_Your goal_
Only the pictures are to be dropped; return all other data below exactly.

_Data segment_
⟨
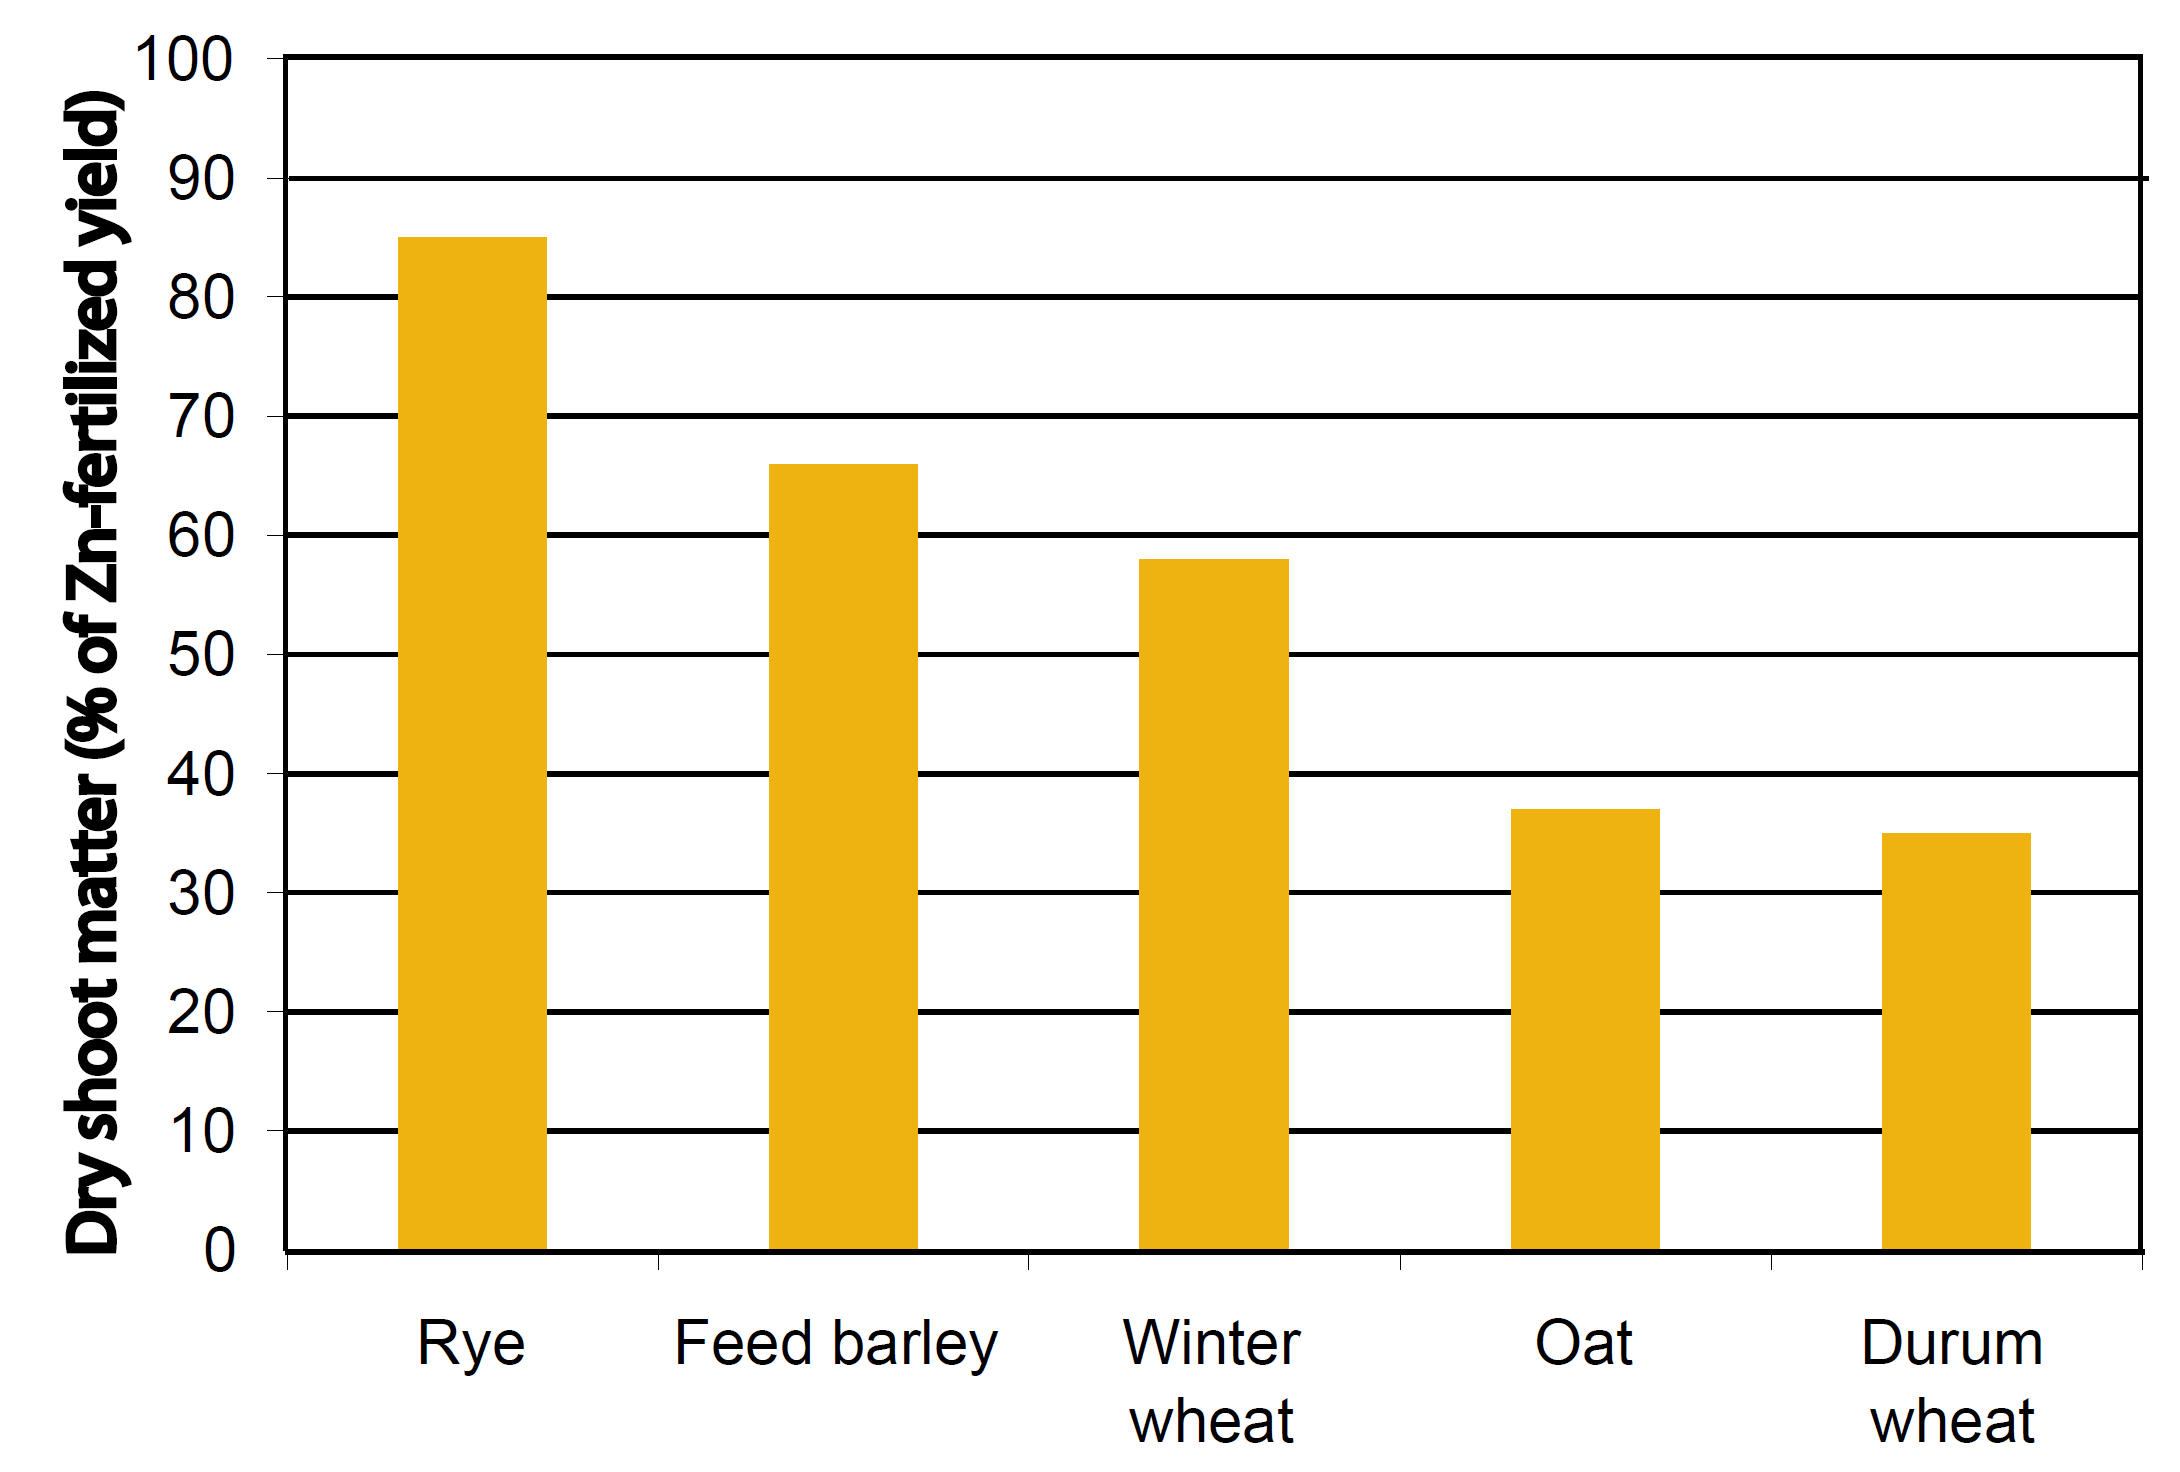 Bar graph demonstrating various crops' sensitivity to low soil zinc levels. Rye is the least effected, followed by feed barley, winter wheat, oat, and durum wheat in that order
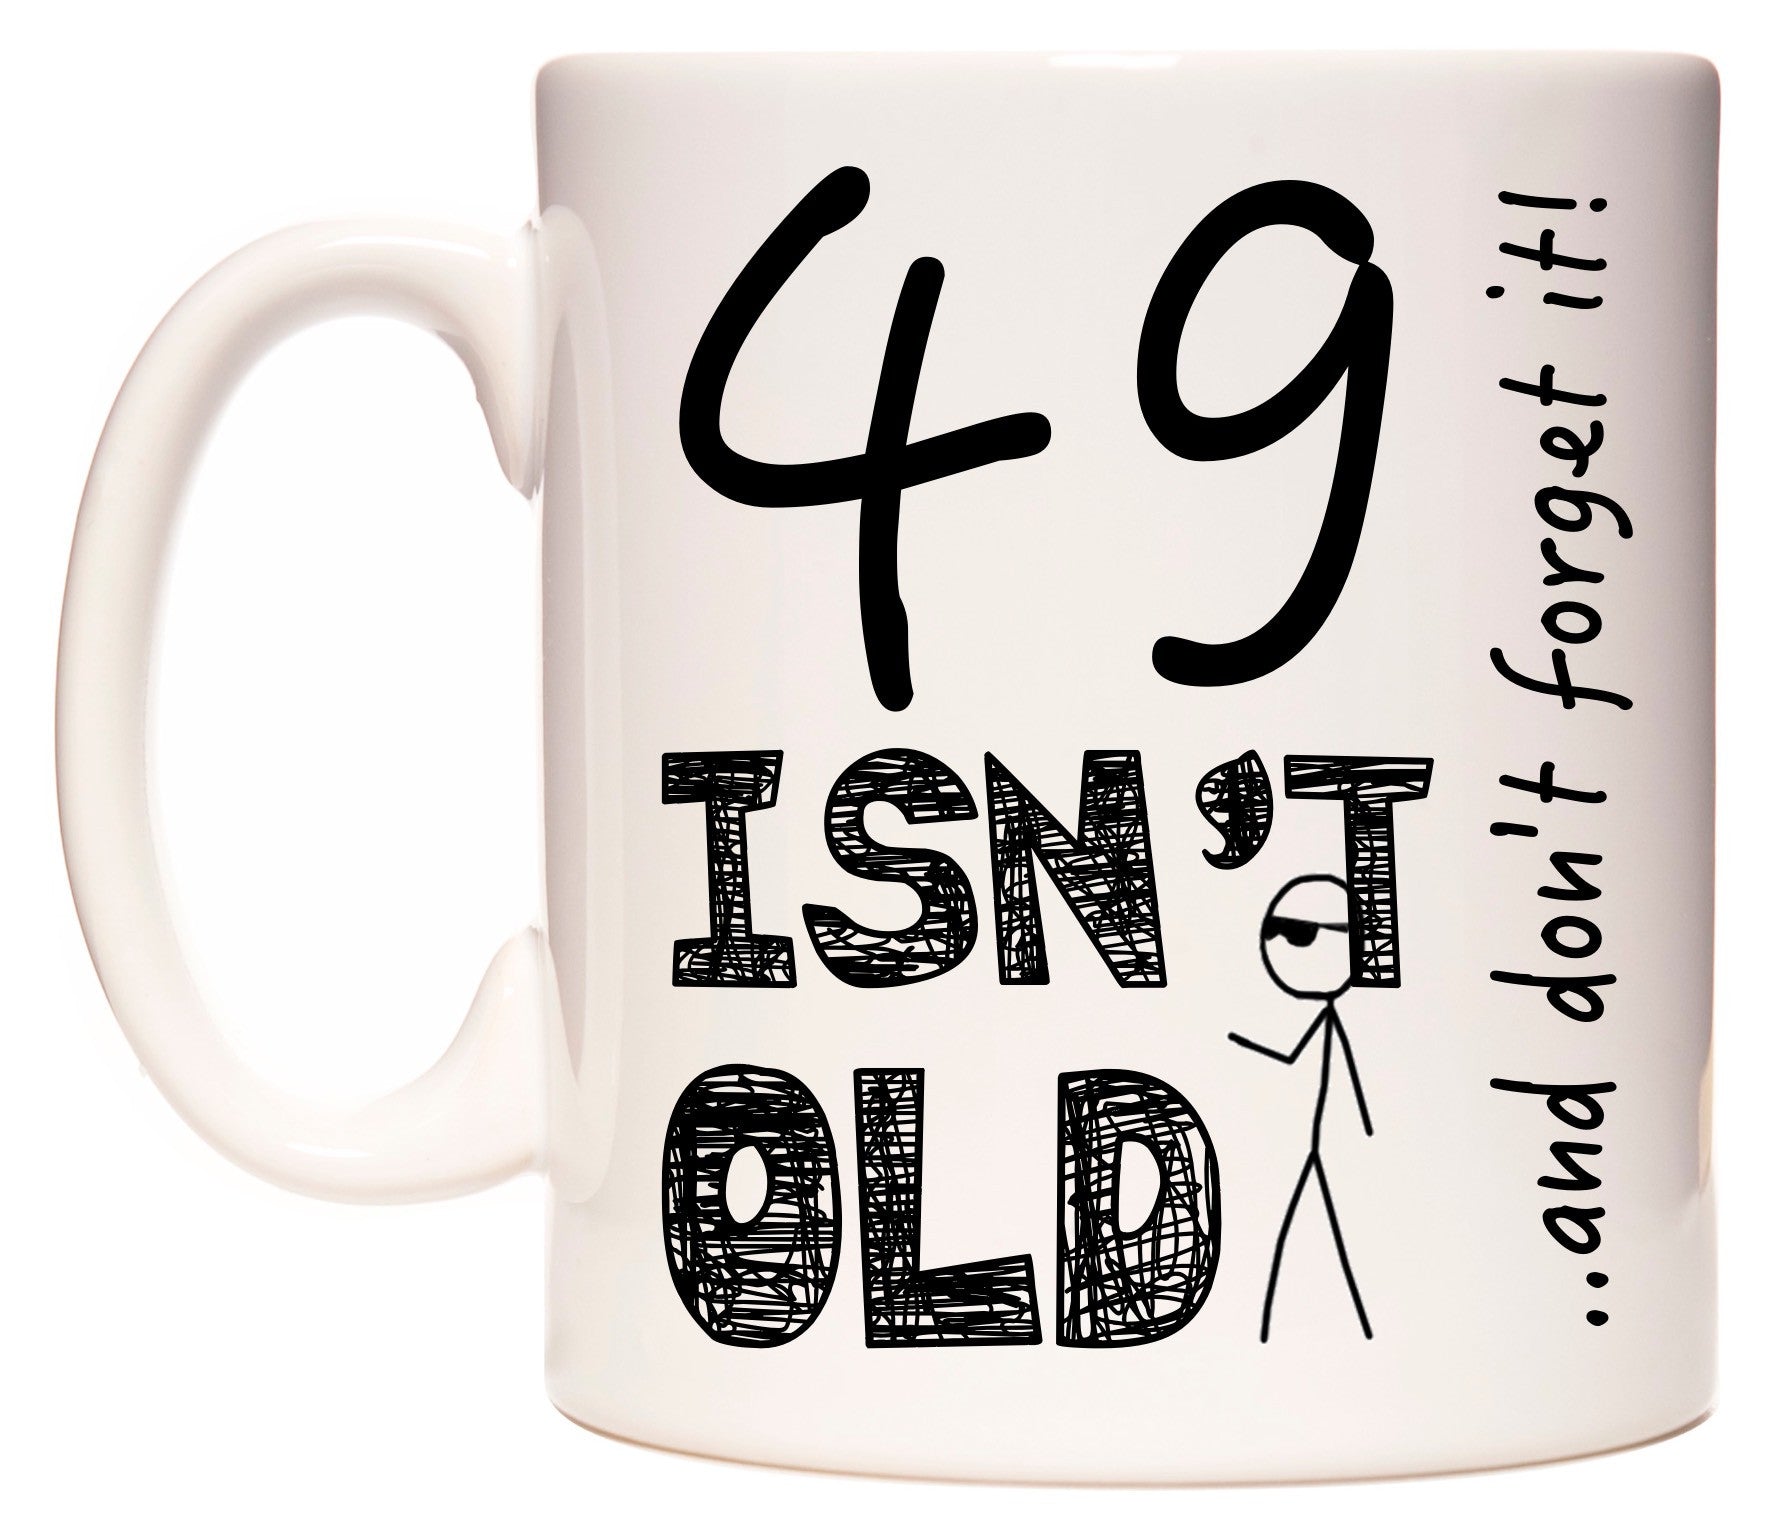 This mug features 49 Isn't Old
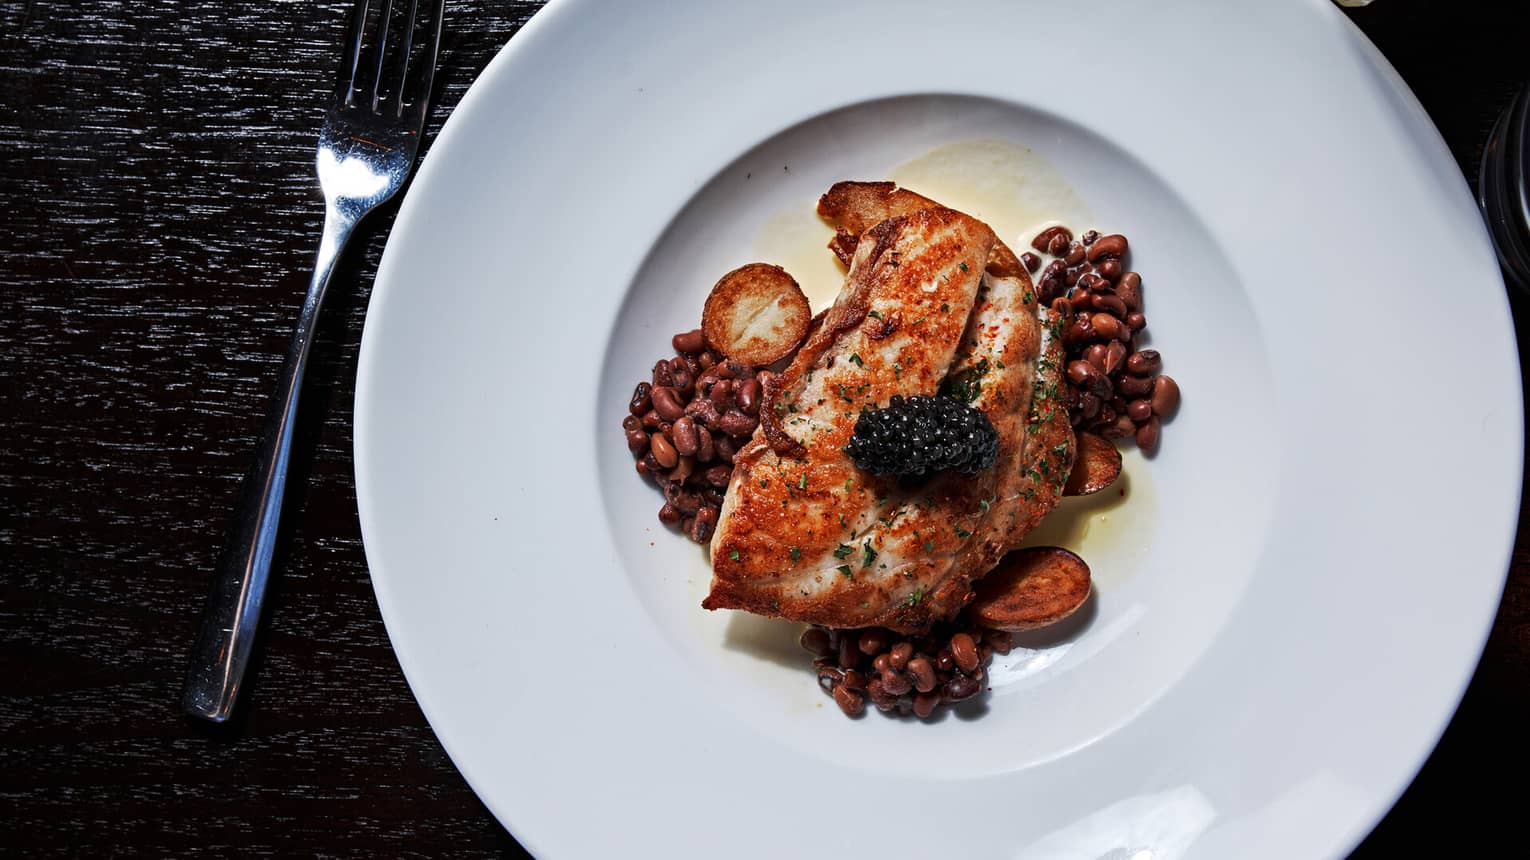 Seared grouper served with field peas, roasted potatoes and lemon sauce, garnished with caviar
⟩
_Solution below_
 Bar graph demonstrating various crops' sensitivity to low soil zinc levels. Rye is the least effected, followed by feed barley, winter wheat, oat, and durum wheat in that order
 This mug features 49 Isn't Old
 Seared grouper served with field peas, roasted potatoes and lemon sauce, garnished with caviar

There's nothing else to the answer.